The court reviewed the entirety of People's Exhibit #1b and specifically notes the following:

• BWC footage begins at 5:14:37 a.m.
• At 5:16 a.m., P.O. Lacheco requests that Defendant take a blood test, and Defendant refuses. P.O. Lacheco then advises Defendant that refusal to take a blood test will result in immediate suspension; subsequent revocation of driving license or privilege for one [*5]year, regardless of whether he is found guilty of the charged offense; evidence of refusal may be used against him at a trial, proceeding, or hearing as a result of the arrest. Finally, P.O. Lacheco asks Defendant if he will take a blood test, and Defendant refuses.
• At 5:16 a.m., after Defendant's refusal, P.O. Lacheco asks Defendant if he will consent to take a breath test, and Defendant refuses.
• At 5:17 a.m., P.O. Norman advises Defendant of his Miranda rights, and Defendant requests a lawyer.

III. CONCLUSIONS OF LAW

The court finds that P.O. Norman was a credible witness and that he testified truthfully. Although P.O. Norman expressed uncertainty on cross-examination for some testimony proffered during direct, and at times he was unnecessarily pedantic in his answers on cross-examination, this did not rise to the level to impact his overall credibility or the truthfulness of his testimony.


Dunaway/Vandover

For a Dunaway hearing in a Vehicle and Traffic Law § 1192 context, "[t]he standard to be followed is that it is more probable than not that defendant is actually impaired" (People v Vandover, 20 NY3d 235, 239 [2012]). When coupled with a traffic accident outside police presence, Vehicle and Traffic Law § 1194 (1) (a) states, "a police officer may, without a warrant, arrest a person, in case of a violation of [Vehicle and Traffic Law § 1192 (1)], if such violation is coupled with an accident or collision in which such person is involved, which in fact has been committed, though not in the police officer's presence, when the officer has reasonable suspicion to believe that the violation was committed by such person." That is, police need not have witnessed the accident to make an arrest for Vehicle and Traffic Law § 1192 (1) so long as they conclude it is more probable than not that the person was impaired by the consumption of alcohol. Finally, "the legality of an arrest must be independently determined by the courts upon the actual facts and circumstances known to the officer . . . [the officer's] subject believe as to the existence of probable cause is not dispositive" (People v Lopez, 95 AD2d 241, 250 [2d Dept 1983]; see also People v Robinson, 271 AD2d 17, 24 [1st Dept 2000]).

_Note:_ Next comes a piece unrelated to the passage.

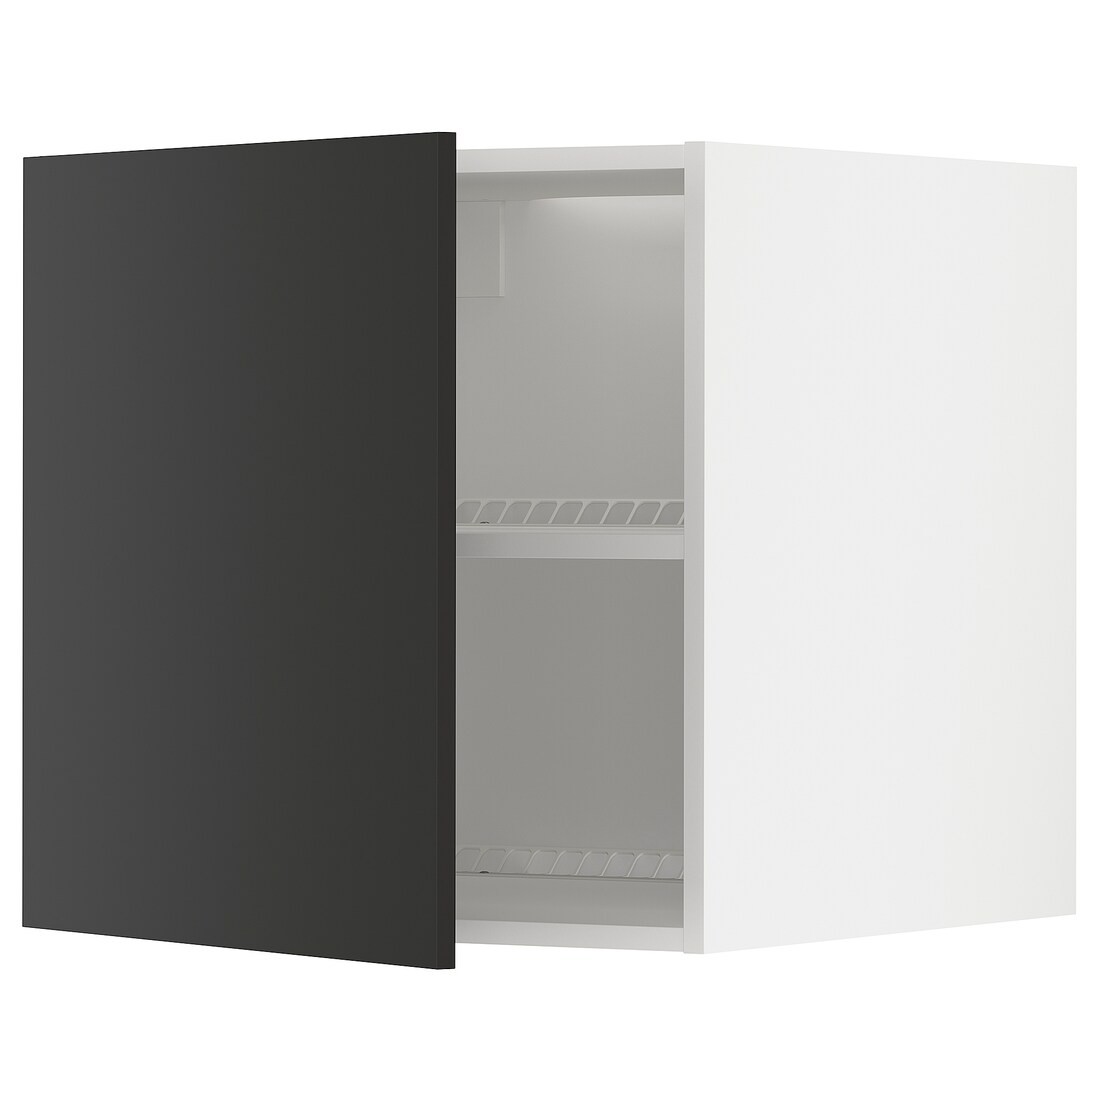 METOD МЕТОД Верхний шкаф для холодильника / морозильника, белый / Nickebo матовый антрацит, 60x60 см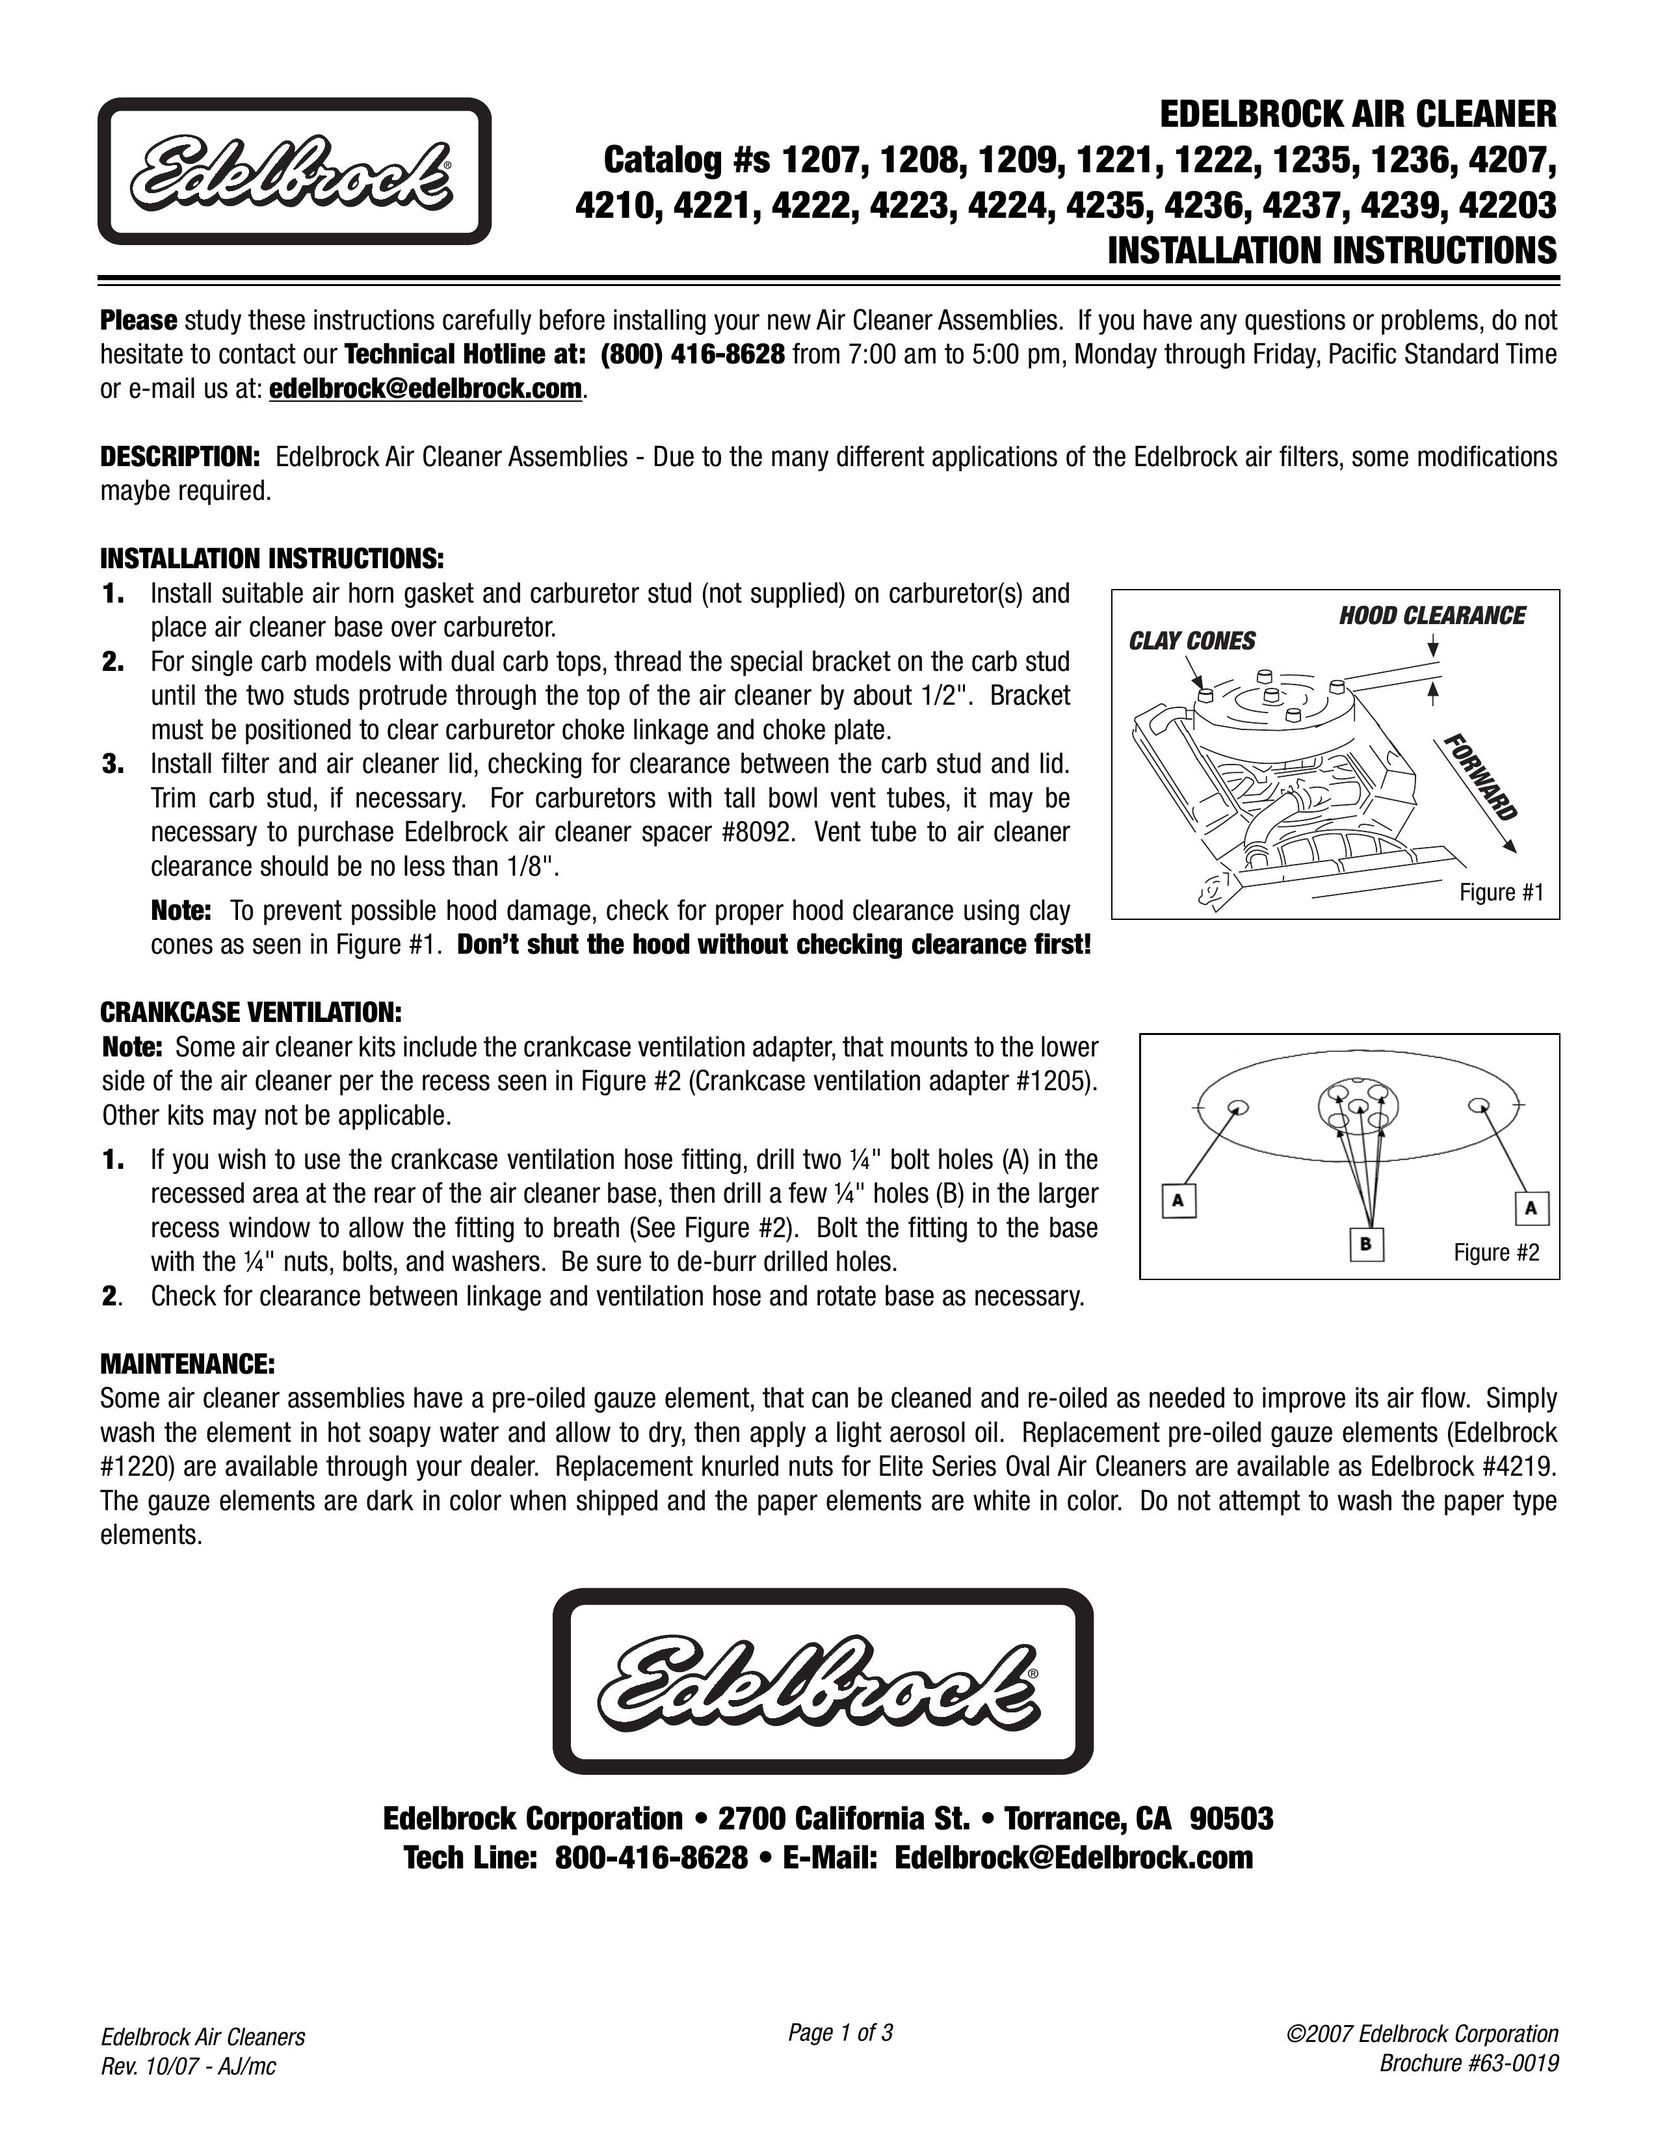 Edelbrock 1236 Air Cleaner User Manual

For a Vehicle and Traffic Law § 1192 (1) offense, "driving a motor vehicle while there is any alcoholic impairment of the driver's 'ability to operate such vehicle' would constitute a violation" (People v Cruz, 48 NY2d 419, 426 [1979]). Indicia of impairment include a suspect's speech patterns "even if the suspect's speech is not obviously slurred" (People v Millet, 57 Misc 3d 1225[A]*3 [Crim Ct New York County 2017]). "Further, the fact of an accident may be construed to circumstantially suggest diminished motor control or impaired driving judgment by reason of alcohol consumption, without regard to proof of fault" (People v Maher, 52 Misc 3d 136[A]*2 [App Term, 2d Dept, 9th and 10th Jud Dists 2016]).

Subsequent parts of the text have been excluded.